Eigenlijk leefde hij van de zwarte rijkdom in de bodem van zijn geboortestreek, maar die rijkdom liet hij liever opdelven door nijvere Vlaamse miertjes. En ja hoor, die kwamen in dichte drommen de taalgrens overgelopen om heel hard in de mijnen te gaan werken.
De krekel bekeek ze misprijzend. Lachte ze uit. Ha ha, die boerkens spraken niet eens behoorlijk frans.
- Domme Vlaamse mieren, dacht hij. Hoe kunnen jullie nu zo stom zijn om diep onder de grond te gaan werken terwijl hierboven de zon zo vrolijk schijnt?
En het werd juli en augustus; de zon scheen steeds harder en de krekel zong steeds luider. Honderden meter onder zijn luie kont liepen zwetende miertjes af en aan. Het steenkoolstof plakte aan hun bezweette huid. Kroop diep in hun poriën. Werd ingeademd en drong door tot in hun longen. Ze kuchtten en hoestten, maar ze hielden vol. Na de zware werkweek mochten ze immers hun welverdiende loon gaan ophalen.
En terwijl de krekel lustig zingend hooghartig op hen neerkeek, werd dat geld naar het mierennest in Vlaanderen gestuurd. Daar werd het opgepot. Gespaard. Bijgehouden om de nakomelingen door studie veel betere levensomstandigheden te kunnen bieden. Gespaard om zelf een zaak te kunnen beginnen. Gespaard om een eigen huis te kunnen bouwen. Gespaard om Vlaanderen uit het slop te helpen halen.
Zoveel domheid was de krekel een onbegrijpelijk raadsel en hij zong lustig door. Zo lang het zonnetje scheen vond hij dat je geen problemen moest gaan zoeken. En zéker al niet onder de grond.
Het werd september en october. De mieren hadden genoeg gespaard en keerden de een na de andere terug naar het Vlaamse nest. De opgespaarde poen werd nuttig geïnvesteerd en het was niet langer nodig zo ver van huis te gaan werken.
Oei! Wie zou nu voor de krekel werken? Geen nood! De partituur van Marieke van Brugge en Gent werd verwisseld voor O sole mio, en jawel hoor, daar verschenen de eerste Italiaanse gastmiertjes! Hij zat weer op rozen!
Maar het scenario herhaalde zich. Ook de Italiaanse mieren werkten zich rijk en vertrokken. De Spaansen ook
en dan kwamen de Moslims. Maar toen raakten de steenkolenmijnen al in verval en viel er niet veel meer te werken in Krekelonië. Maar die Moslims, hun naam waardig, waren zowel mo als slim! Die bleven! Want werken hoefde helemààl niet meer. Dank zij de ijverige Vlaamse miertjes kon het land het zich goed permitteren om iedereen welkom te heten en mee te laten genieten van de moeizaam opgebouwde welvaart.

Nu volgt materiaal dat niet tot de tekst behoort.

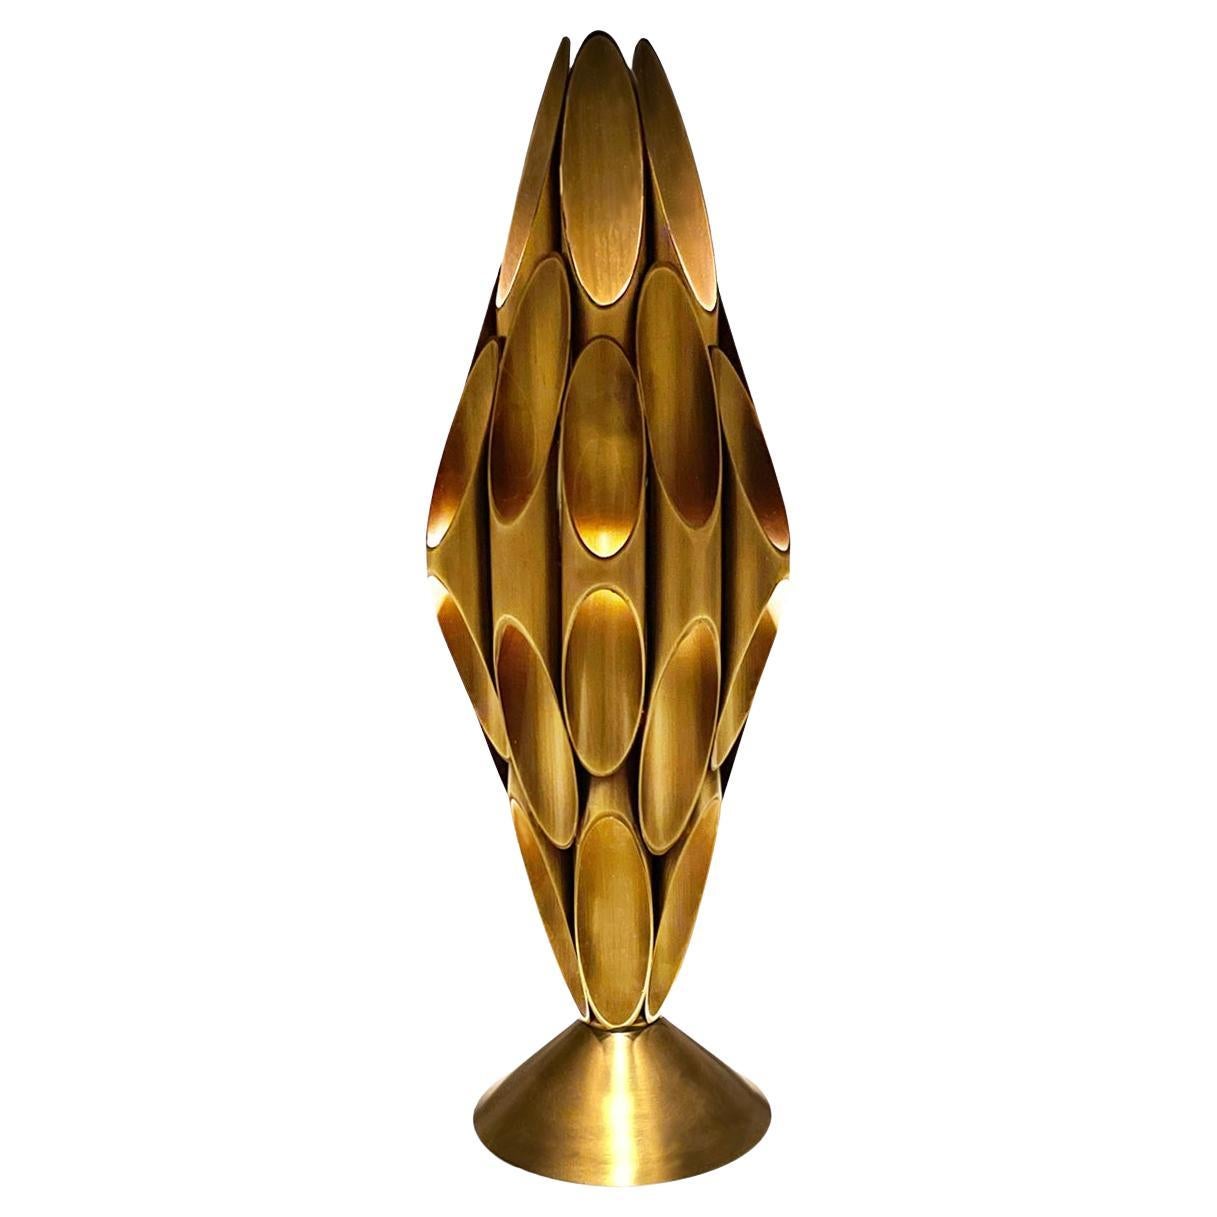 Hollywood Regency Tubular Table Sculpture Brass Accent Lamp after Mastercraft For Sale
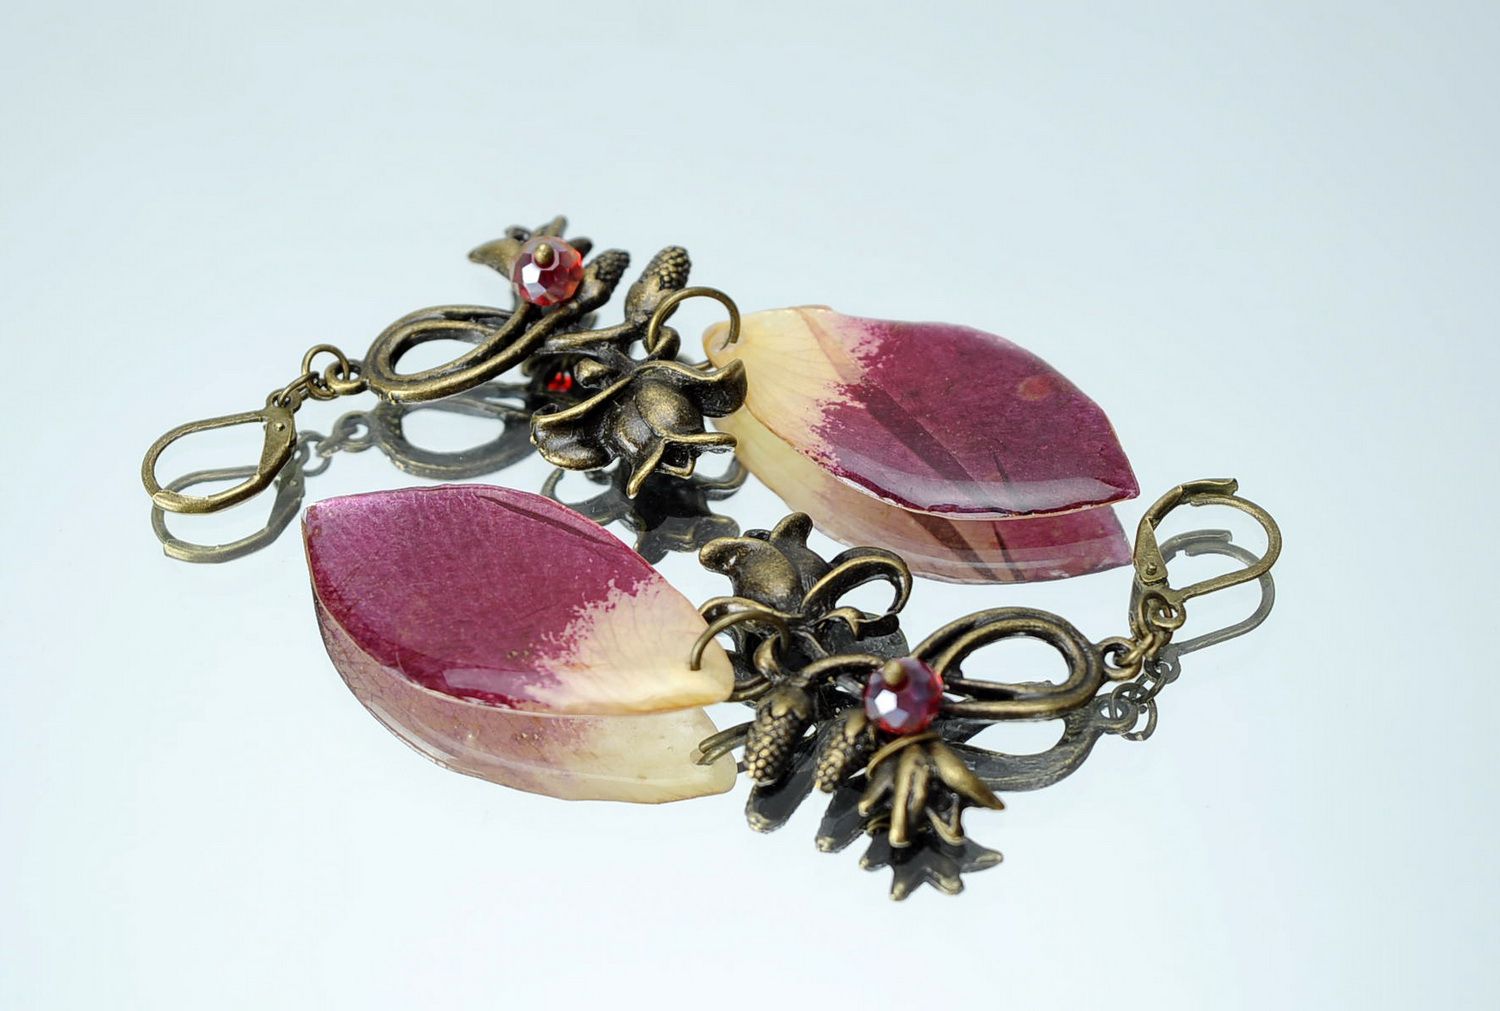 Earrings made from rose petals photo 3

En toen kwam de winter. De krekel had niets gespaard, en dreigde van honger te sterven.
En hier stopt het échte sprookje, zoals verteld in de sprookjesboeken. Dié krekel stierf en de mier leefde nog lang en gelukkig van het opgespaarde rantsoen.
Maar de superieure Waalse krekel vond er iets anders op: nog vele jaren lang liet hij zich onderhouden door dat achterlijke Vlaamse mierenvolkje. Ook nog toen de mieren al lang de meerderheid hadden in het parlement.
Want wie zich superieur acht kijkt niet op naar de meerderheid! Hij ziet er op neer. Het zijn immers toch maar boerkens. Halve idioten. Hersenloze strevers en zwoegers.
Maar toch verscheen er af en toe een klein, onmondig miertje in de Wetstraat 16, die de geldstroom naar Krekelonië dicht wou. Die de kraan wilde dichtdraaien. Stellend dat als de krekel wilde overleven, hij zélf zou moeten leren werken en sparen.
Maar dat doen krekels niet. Krekels willen alleen maar zingen. Boven alle anderen uit kraaien. En er werd een giftige krekelin naar het parlement gestuurd met één enkele, dodelijke boodschap: NON.
En de meeste miertjes liepen angstig weg. Hielden er een afwachtende houding op na. Wachtend op de komst van een supermier die een ferm Vlaams JA tegenover dat non durfde te stellen. Die de krekel terug voor zichzelf zou leren werken.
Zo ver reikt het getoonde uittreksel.